The UK’s leading expert on employee ownership is Haslemere resident, Graeme Nuttall (Twitter @nuttallreview). Graeme, partner with law firm Field Fisher Waterhouse LLP, received an OBE for his work on employee ownership in the Queen's Birthday Honours 2014. “Employee ownership is a great business model forcompanies at every stage in thebusiness life-cycle, but is particularly suited to owner-managed businesses that need a succession solution. A sale to an employee-ownership trust is easier than conventional ways of selling a business and from 6 April 2014 there is a capital gains tax exemption for owners who sell a controlling shareholding to an employee-ownership trust".
Marie Jarvie, a Director with Dorking-based g3baxipartnership ltd, is one of the firm’s 11 founders. She explains: We’re didn’t convert to co-ownership but set the company up as employee owned back in 2007. We’ve seen how employee ownership creates an environment in which excellence flourishes and allows us to attract the most talented individuals, creating an exceptional pool of skills and experience.”

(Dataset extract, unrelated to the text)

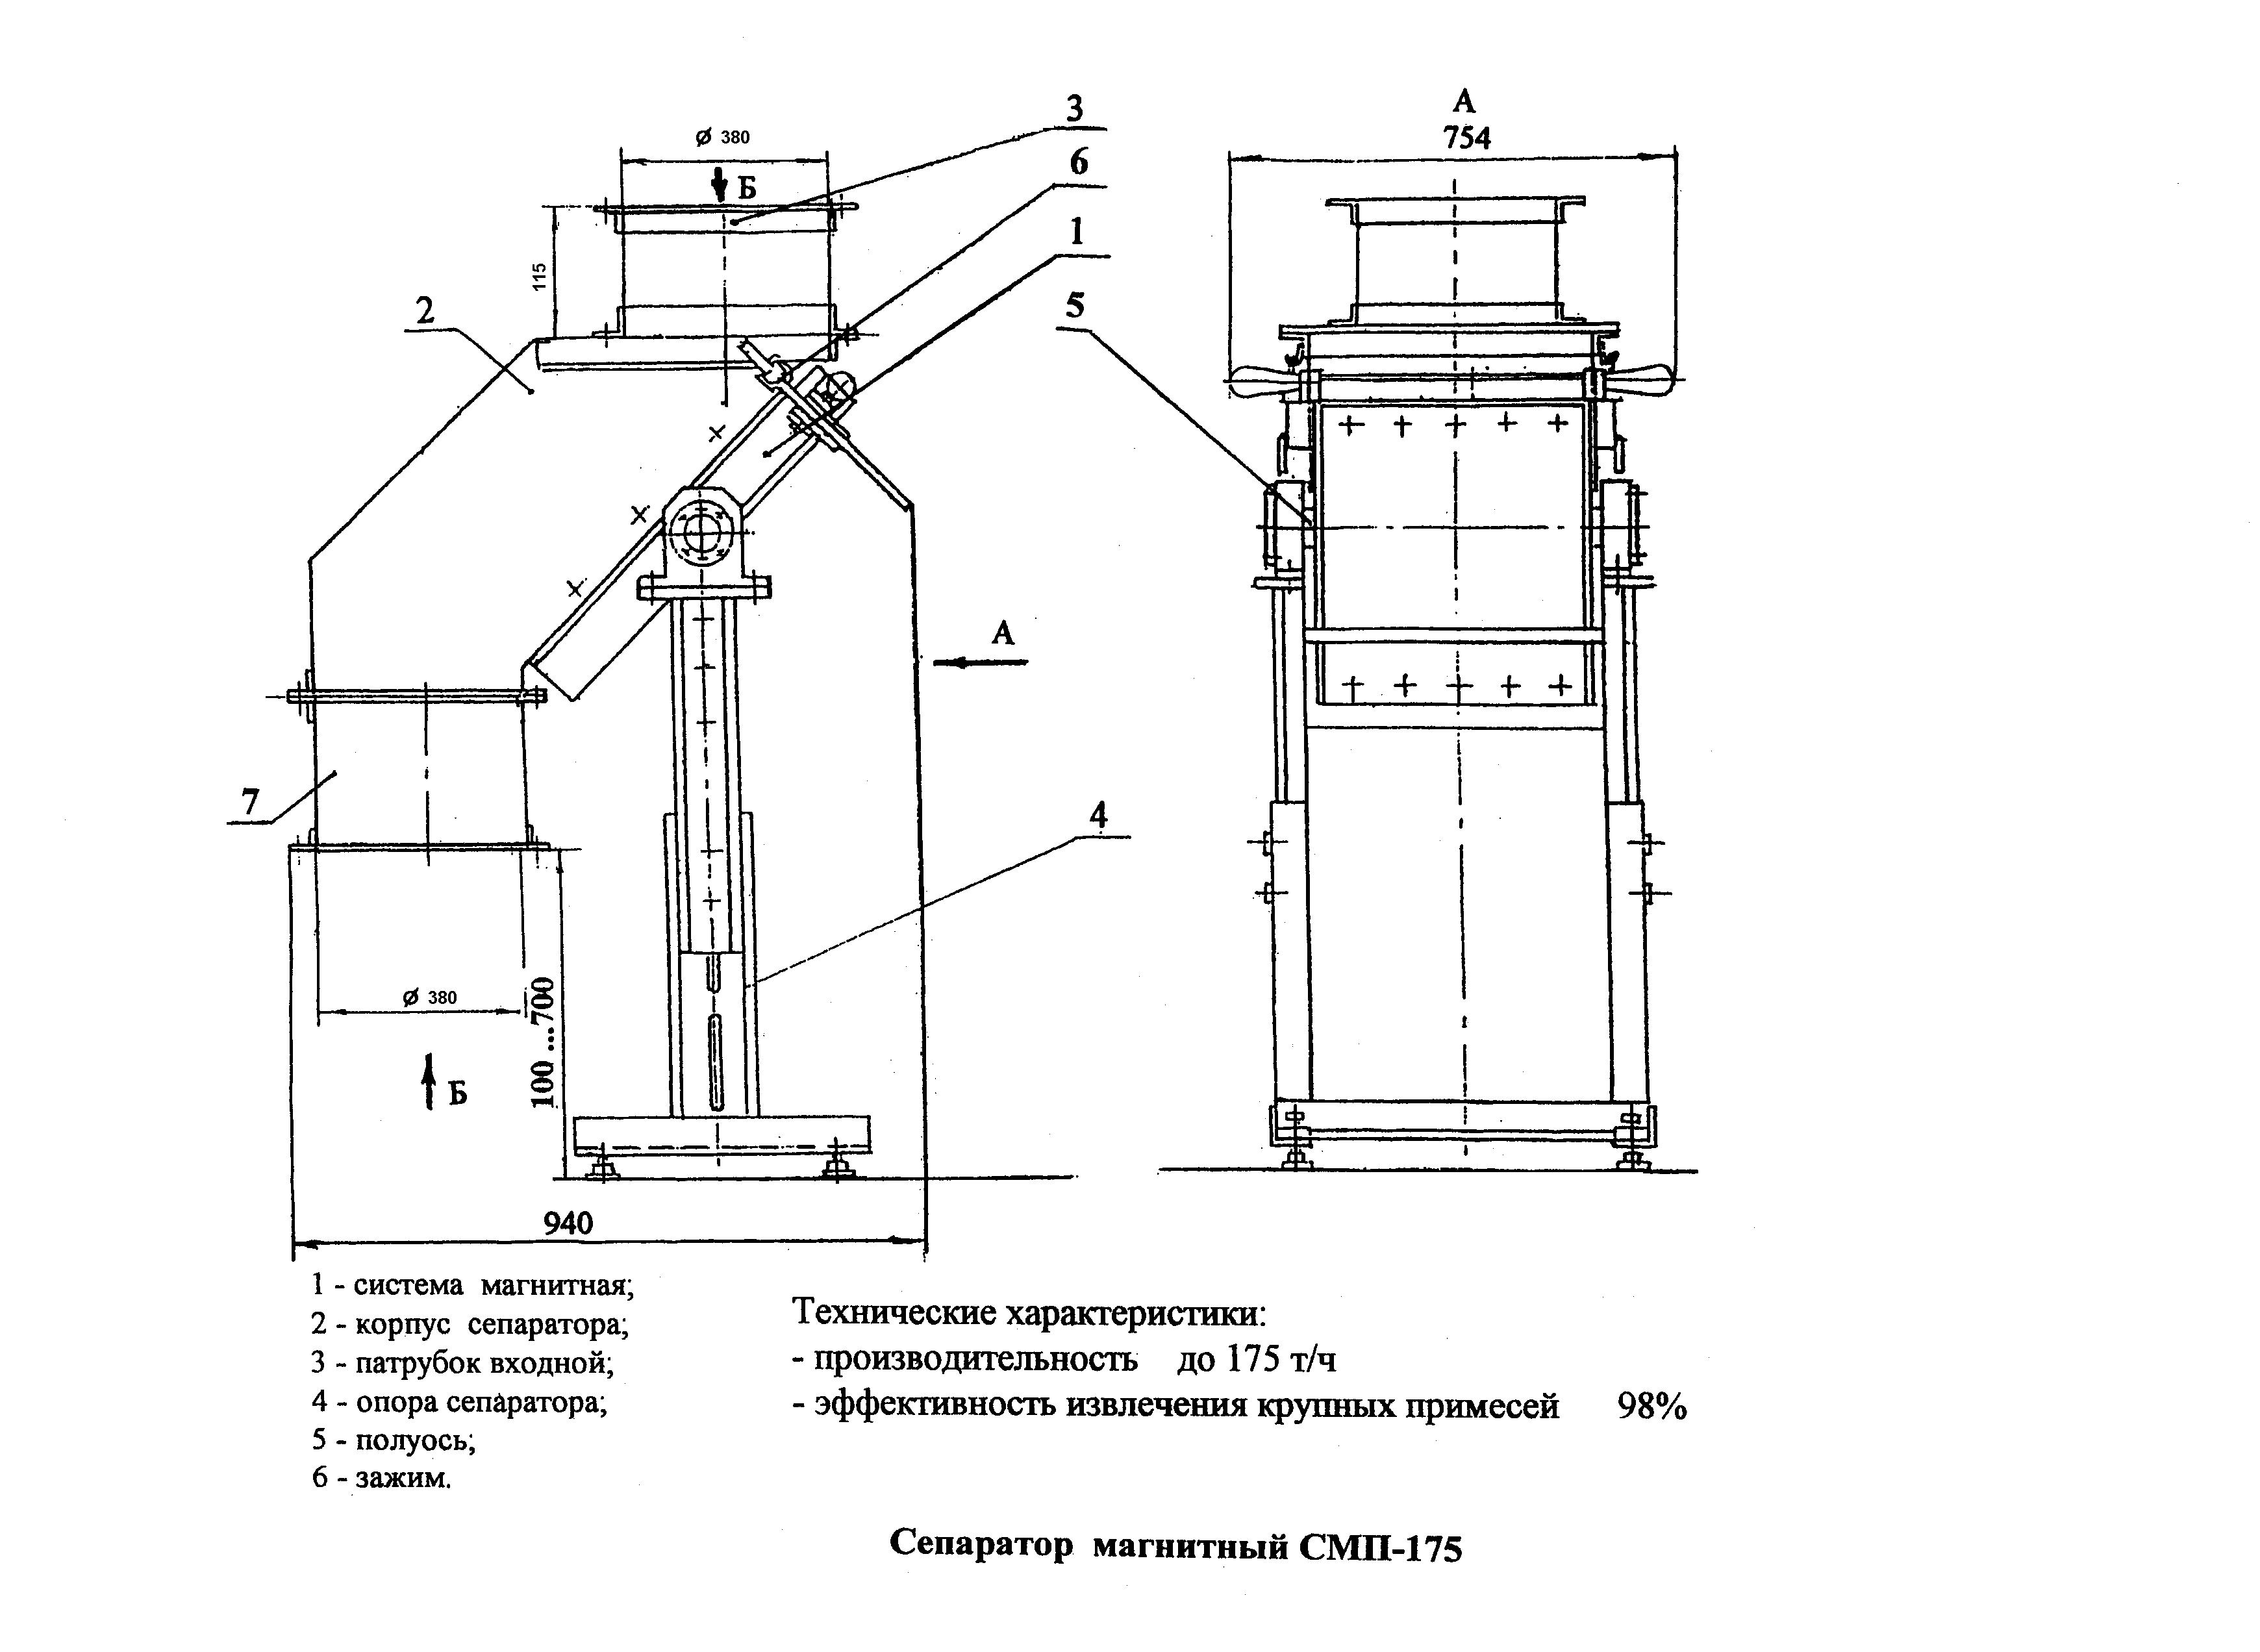 Чертеж сепаратора СМП-175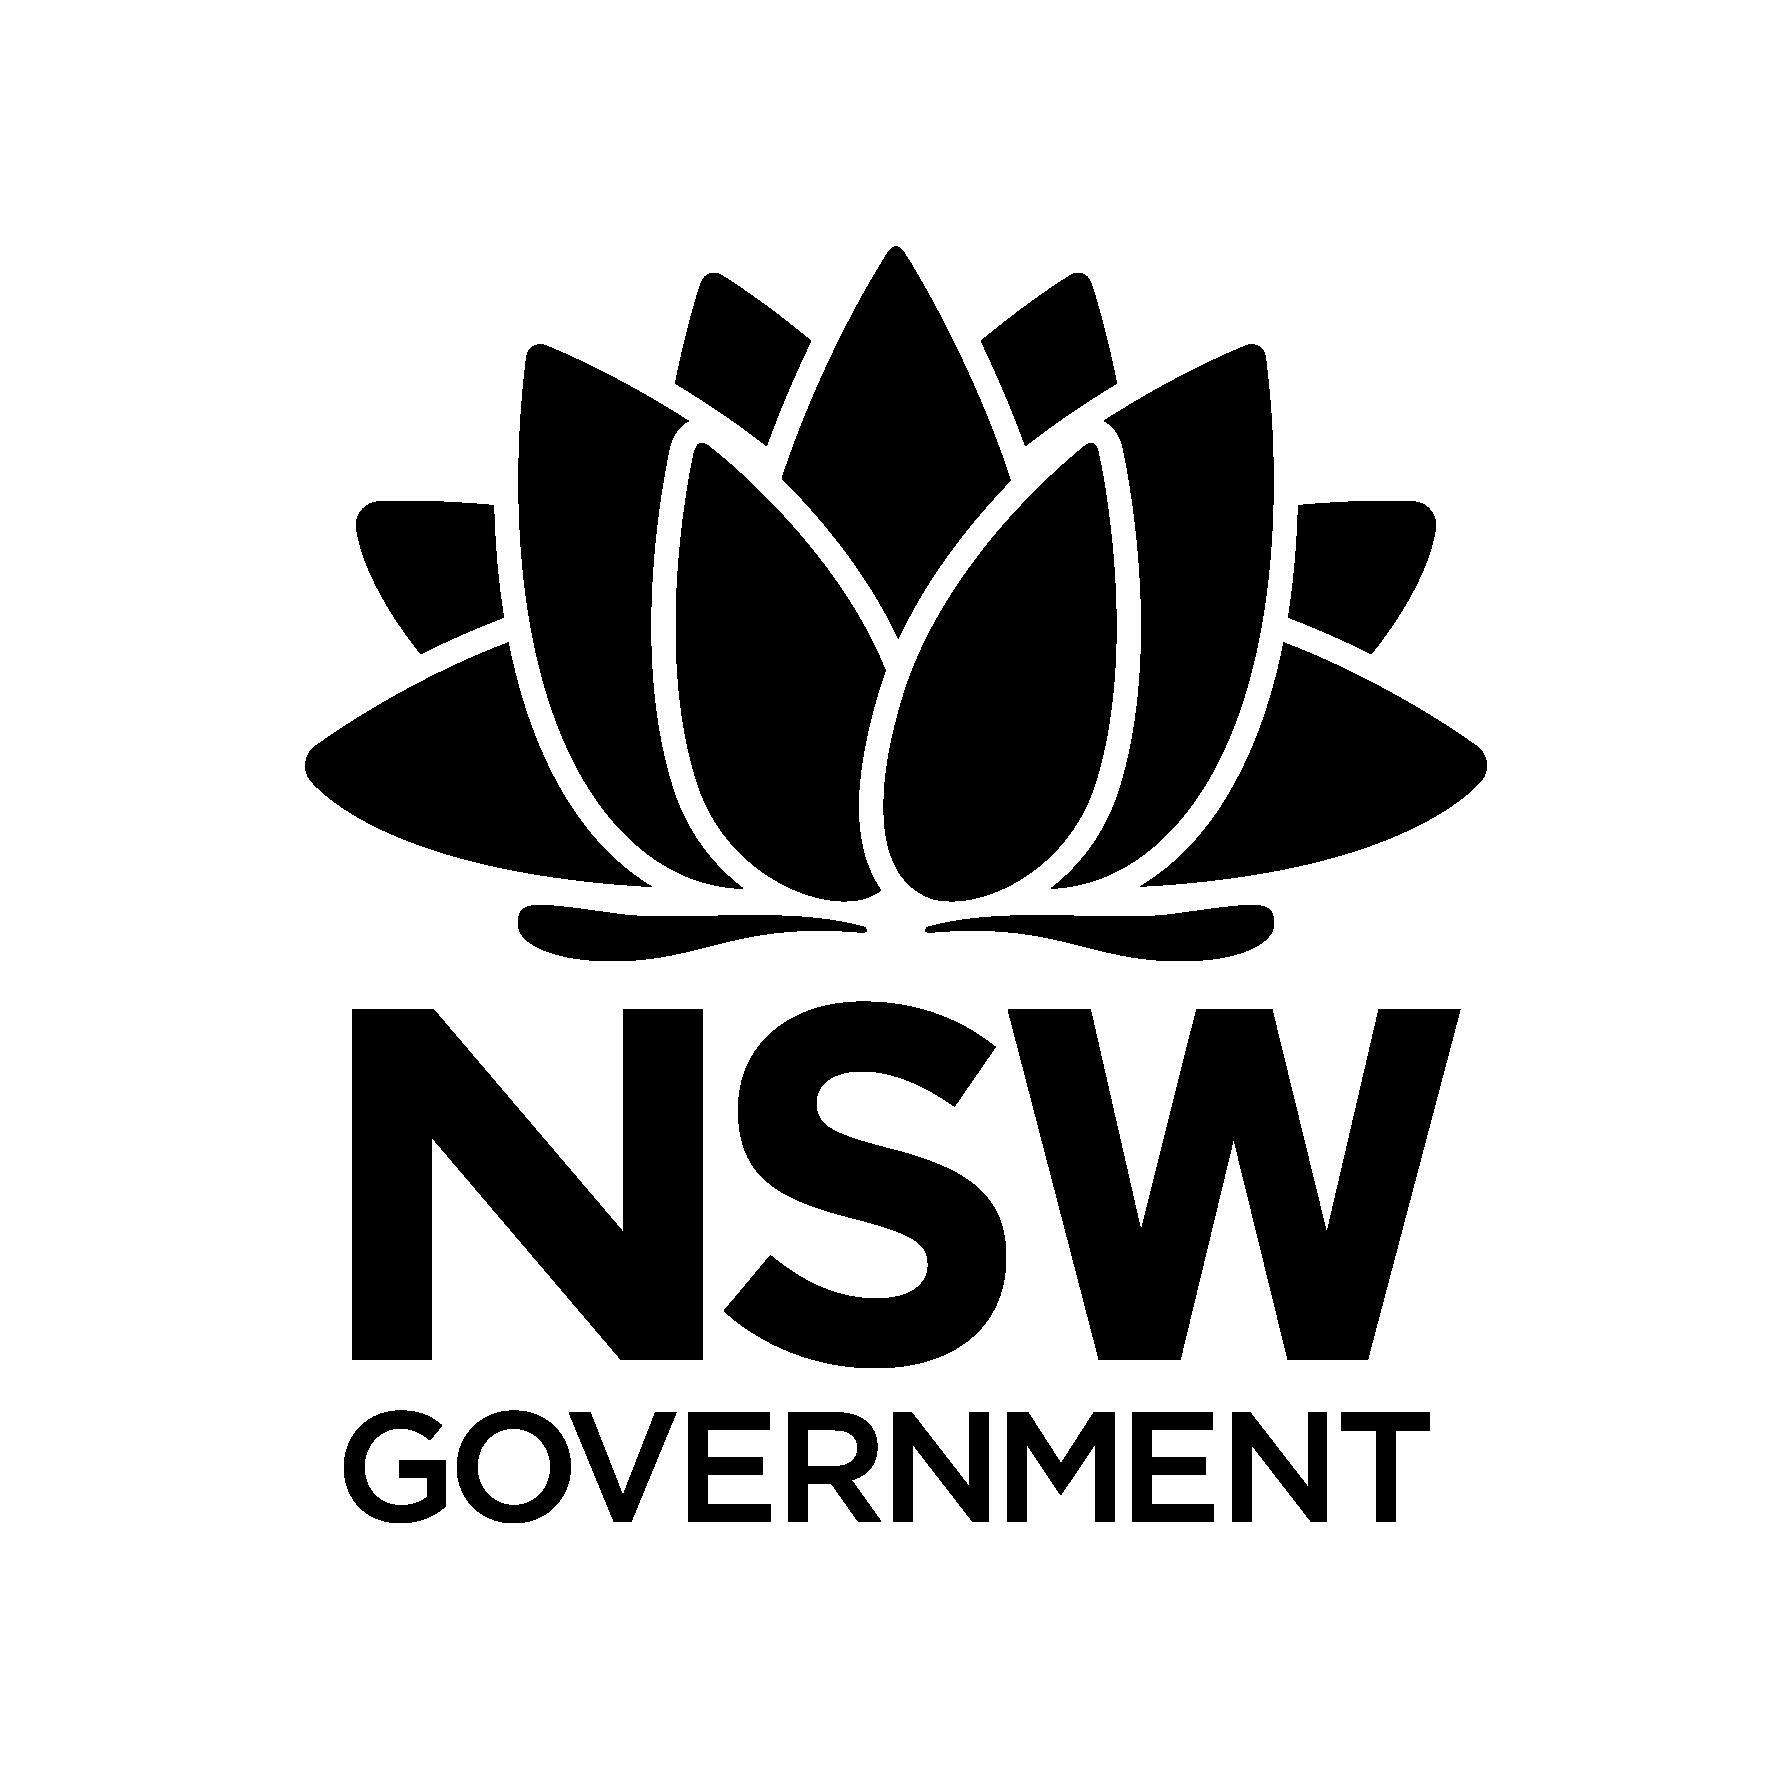 Waratah NSWGovt black.png

Iain Hasdell, CEO of the Employee Ownership Association, says: “These Surrey companies are great examples of the success and engagement that can be achieved with employee ownership. They back up existing evidence that employee owners have higher levels of job satisfaction, feel a greater sense of achievement and job security and are more likely to recommend their workplace than employees in non-employee owned businesses.
“Nationally, employee owned companies now account for over £30 billion in total annual turnover. The sector is growing because co-owned companies tend to be successful, competitive, good to work for and sustainable. We expect 10% of UK GDP to be delivered by employee owned businesses by 2020, with employee owned businesses delivering £10bn of public services, up from less than £2bn today. Successive governments have promoted employee ownership because they recognise its potential contribution to the economy.”
Surrey Chamber of Commerce Chief Executive Louise Punter says: “There is no doubt that involving employees in the ownership of a business has a very positive effect on that business. Companies we work with who create this type of structure demonstrate consistently that they have highly motivated teams. Most businesses want to do as much as they can to engage and involve their people and this is a great way of doing so.”